Sparse Auto-Encoders and Holism about Large Language Models
Summary: arXiv:2603.26207v1 Announce Type: cross
Abstract: Does Large Language Model (LLM) technology suggest a meta-semantic picture i.e. a picture of how words and complex expressions come to have the meaning that they do? One modest approach explores the assumptions that seem to be built into how LLMs capture the meanings of linguistic expressions as a way of considering their plausibility (Grindrod, 2026a, 2026b).
It has previously been argued that LLMs, in employing a form of distributional semantics, adopt a form of holism about meaning (Grindrod, 2023; Grindrod et al., forthcoming). However, recent work in mechanistic interpretability presents a challenge to these arguments. Specifically, the discovery of a vast array of interpretable latent features within the high dimensional spaces used by LLMs potentially challenges the holistic interpretation.
In this paper, I will present the original reasons for thinking that LLMs embody a form of holism (section 1), before introducing recent work on features generated through sparse auto-encoders, and explaining how the discovery of such features suggests an alternative decompositional picture of meaning (section 2). I will then respond to this challenge by considering in greater detail the nature of such features (section 3). Finally, I will return to the holistic picture defended by Grindrod et al. and argue that the picture still stands provided that the features are countable (section 4).
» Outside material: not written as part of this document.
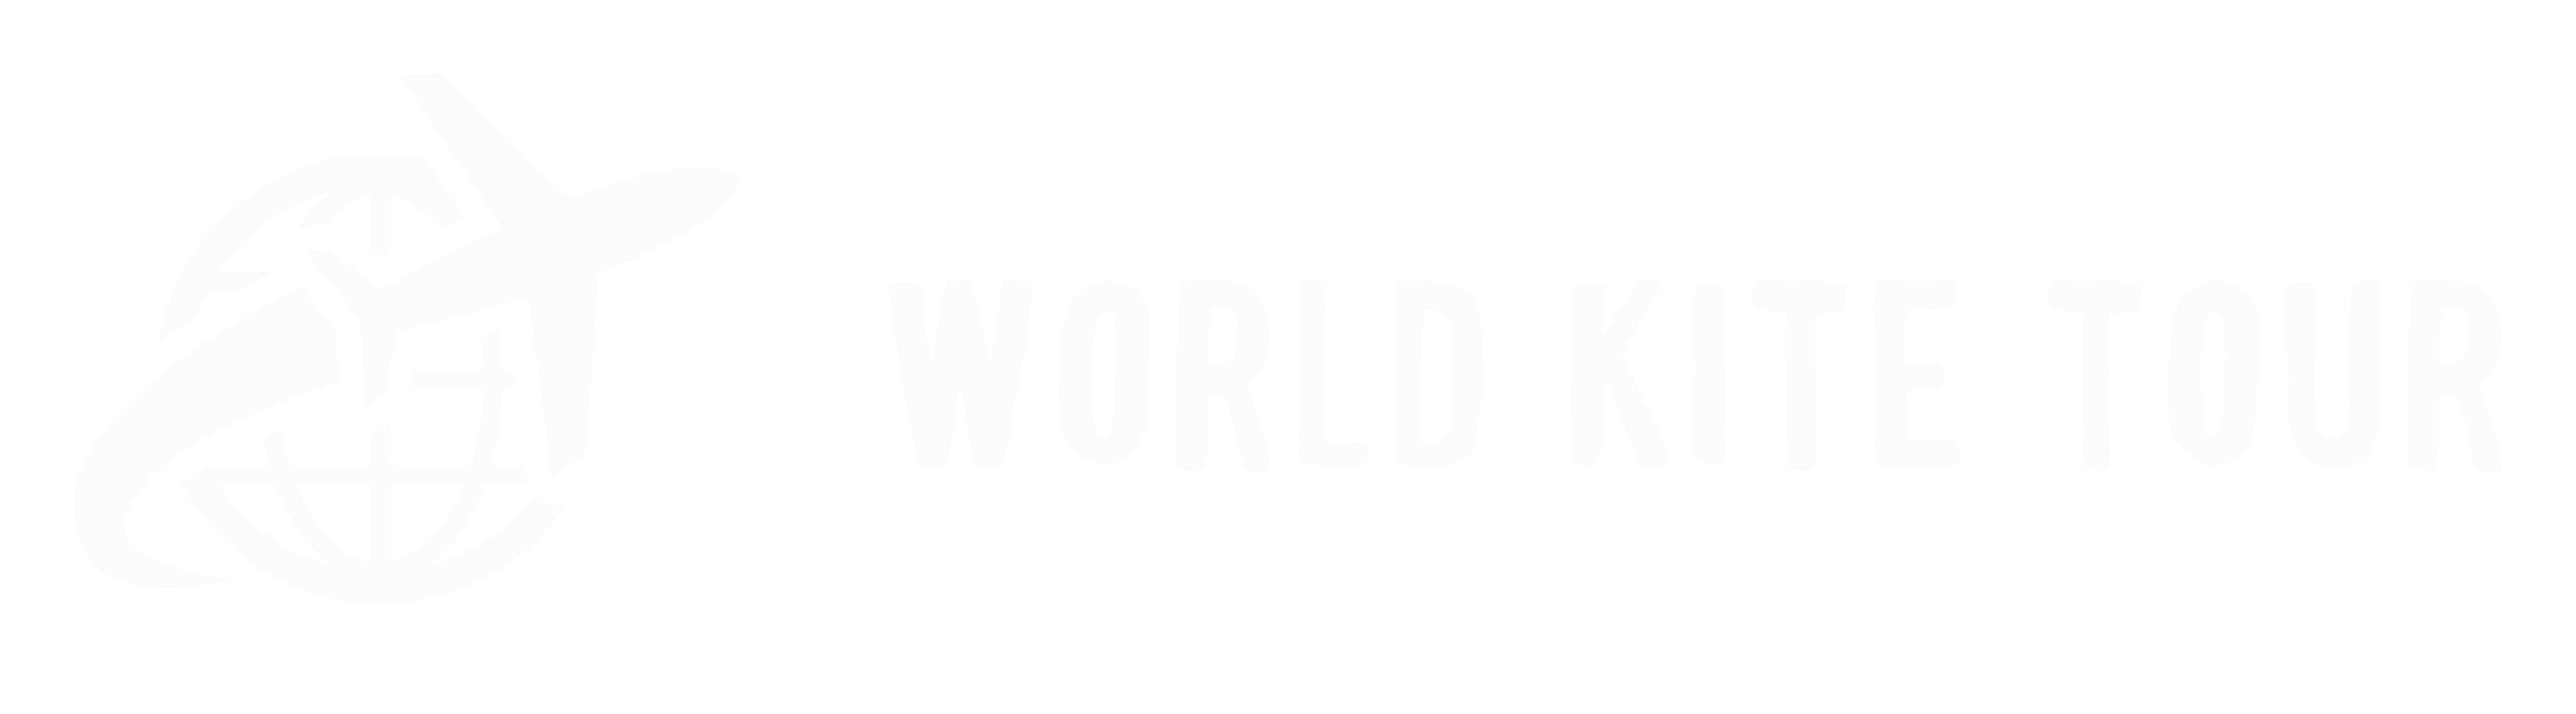 World Kite Tour

Exploring the Holistic Interpretation of LLMs
The notion that LLMs operate under a holistic framework stems from their reliance on distributional semantics, which posits that the meaning of words is derived from their contextual usage. This framework suggests that words do not have isolated meanings but rather contribute to a network of meanings that are interdependent. Key arguments supporting this view include:
- The interconnectedness of word usage in various contexts enhances the understanding of meaning.
- LLMs generate coherent text by leveraging a holistic understanding of language rather than isolated word definitions.
- The patterns identified by LLMs reflect complex relationships between linguistic expressions.
The Role of Sparse Auto-Encoders
Recent advancements in the field of mechanistic interpretability have introduced sparse auto-encoders, which uncover interpretable latent features in high-dimensional spaces. This research indicates that:
- Sparse auto-encoders can effectively identify and isolate specific features that contribute to meaning.
- These features offer a decompositional perspective on meaning, suggesting that words can be understood through their individual components.
- The findings challenge the holistic view by presenting evidence that meaning can arise from distinct features rather than a unified whole.
Responding to the Challenge
In response to the challenge posed by the discovery of interpretable features, it is essential to delve deeper into their nature. The implications of these features could support a hybrid model of meaning that combines both holistic and decompositional perspectives. By examining:
- The countability of features and their relationship to linguistic expressions.
- The interactions between features and how they contribute to overall meaning.
- The possibility of integrating both perspectives to enrich our understanding of LLMs.
Conclusion
Ultimately, while recent findings challenge the traditional holistic interpretation of LLMs, they also pave the way for a more nuanced understanding that encompasses both holistic and decompositional aspects. As researchers continue to explore these dimensions, the ongoing dialogue will significantly shape the future of LLM interpretability and the nature of meaning in language.